Question

In the primary circuit of potentiometer the rheostat can be varied from $0$ to $10\Omega$. Initially it is at minimum resistance (zero).The rheostat is put at maximum resistance ($10\Omega$) and the switch $S$ is closed.
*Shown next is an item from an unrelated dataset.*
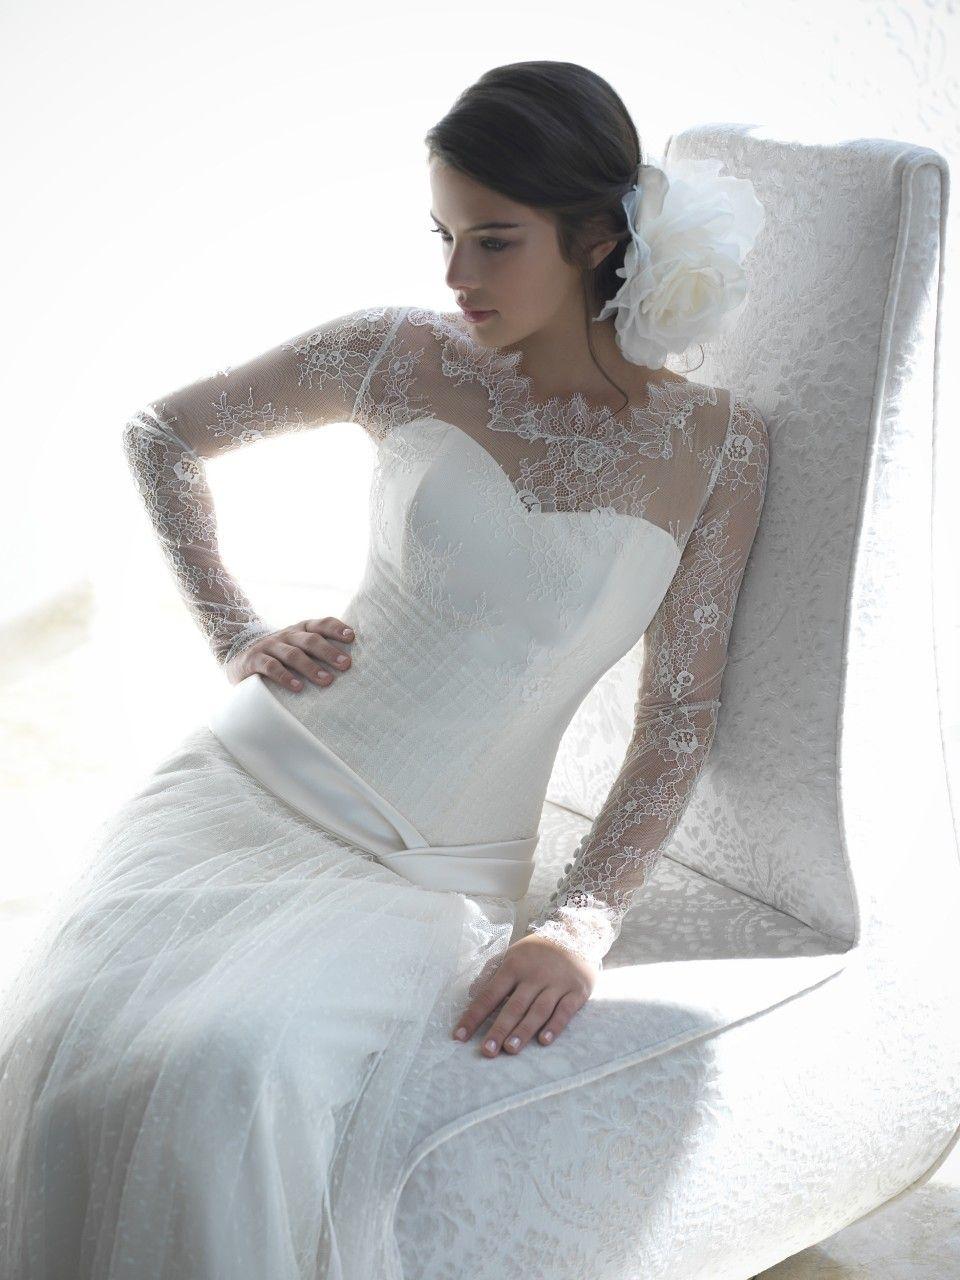 54d651868105  ateliersignore  signore  atelier  tuttosposi  wedding  matrimonio  nozze   bride  sposa  sposo  napoli  campania  caserta  beautiful  fashion

New balancing length is found to be $8m$. Find the internal resistance $r$ (in ohms) of the $4.5V$ cell.

Answer 1

When deflection is zero $\Rightarrow$ voltage of secondary cell=voltage drop on the balancing length of the wire AB
voltage drop on the balancing length of the wire $\Rightarrow$i$\rho$X
where i= current flowing in primary circuit
$\rho$=resistance per unit length of the wire
X=balancing length of wire AB
when deflection in galvanometer is zero $R_{eq.}=\frac{2r}{r+2}$
$E_{eq.}$ of secondary cell$=\frac{(\frac{E_1}{r_1}+\frac{E_2}{r_2})}{\frac{1}{R_{eq.}}}=\left(\frac{\frac{4.5}{r}+0}{\frac{r+2}{2r}}\right)=\frac{9}{r+2}volt$
when deflection is zero$\Rightarrow \frac{9}{r+2}=\left(\frac{10}{20}\right)\left(\frac{9}{12}\right)\left(8\right)$
$r+2=3\Rightarrow r=1\Omega$